Любовь коснулся руки Итана, даря спокойствие, однако не смог освободить его от печали.

— Разве ты не видишь, что та же система понапрасну растрачивает таланты всех жителей Гувервилля, которые хотят просто честно работать? Эта система ставит послушание выше мыслей и идей. Власть имущие с легким сердцем посылают людей на фронт, где те становятся калеками или погибают, но если человек задаст вопрос, его тут же объявляют предателем.

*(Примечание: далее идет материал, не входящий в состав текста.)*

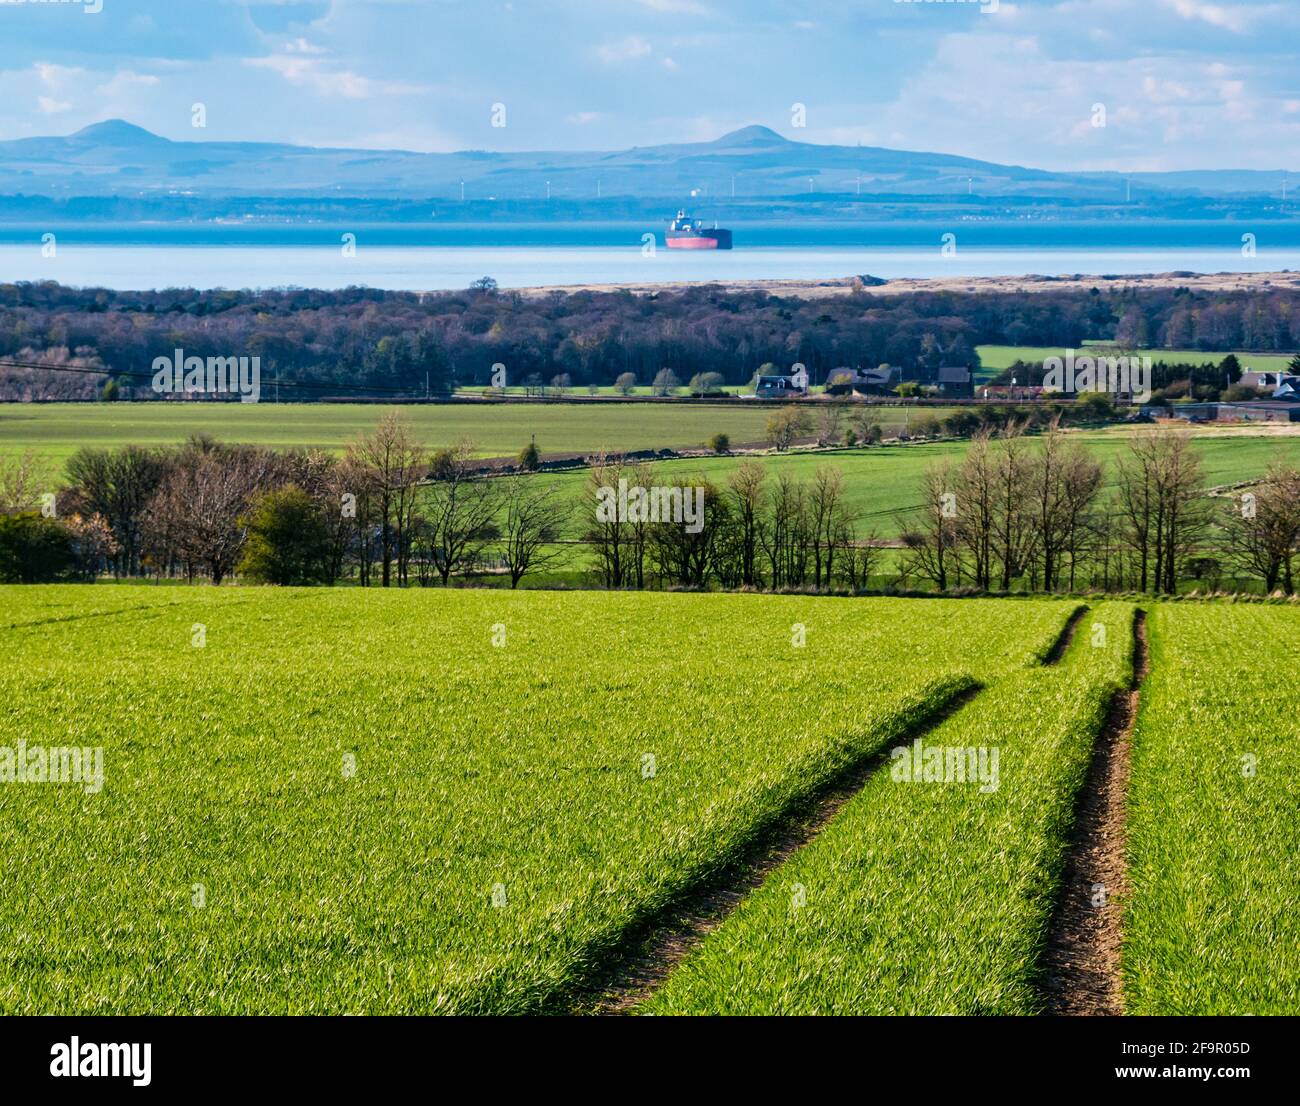 Vista a través del campo de cultivo verde hasta Firth of Forth con buque cisterna anclado, East Lothian, Escocia, Reino Unido Foto de stock

Эта система могла бы бороться с несправедливостью, но она предпочитает ругать нечто столь простое и жизненно важное, как поиск второй половинки. Мы все рождены любить. Какая разница, какой расы или пола твоя вторая половинка, если вы оба счастливы? — Любовь взял голову Итана в ладони и вытер его слезы. — Зачем нужно выбирать страх, а не любовь? В каком мире это имеет смысл?

Итан навалился на руль и всхлипнул:

— Я лучше умру, чем буду этим.

— Не говори так. — Если Итан умрет, Генри будет раздавлен. Это может стоить ему Игры, что означает и смерть Флоры. Любовь даже думать о таком не мог, как бы ему ни нравился Итан. Он положил руку парню на спину.

Почувствовал, как бьется его сердце, и заставил свое биться в том же ритме. Он станет этой второй половинкой для Итана, и к черту последствия.

— Дыши, — прошептал он. — Дыши.

Из души Итана исторглась вся его жизнь в стыде и печали. Любовь поймал ее одной рукой и выбросил в окно, словно паутинку.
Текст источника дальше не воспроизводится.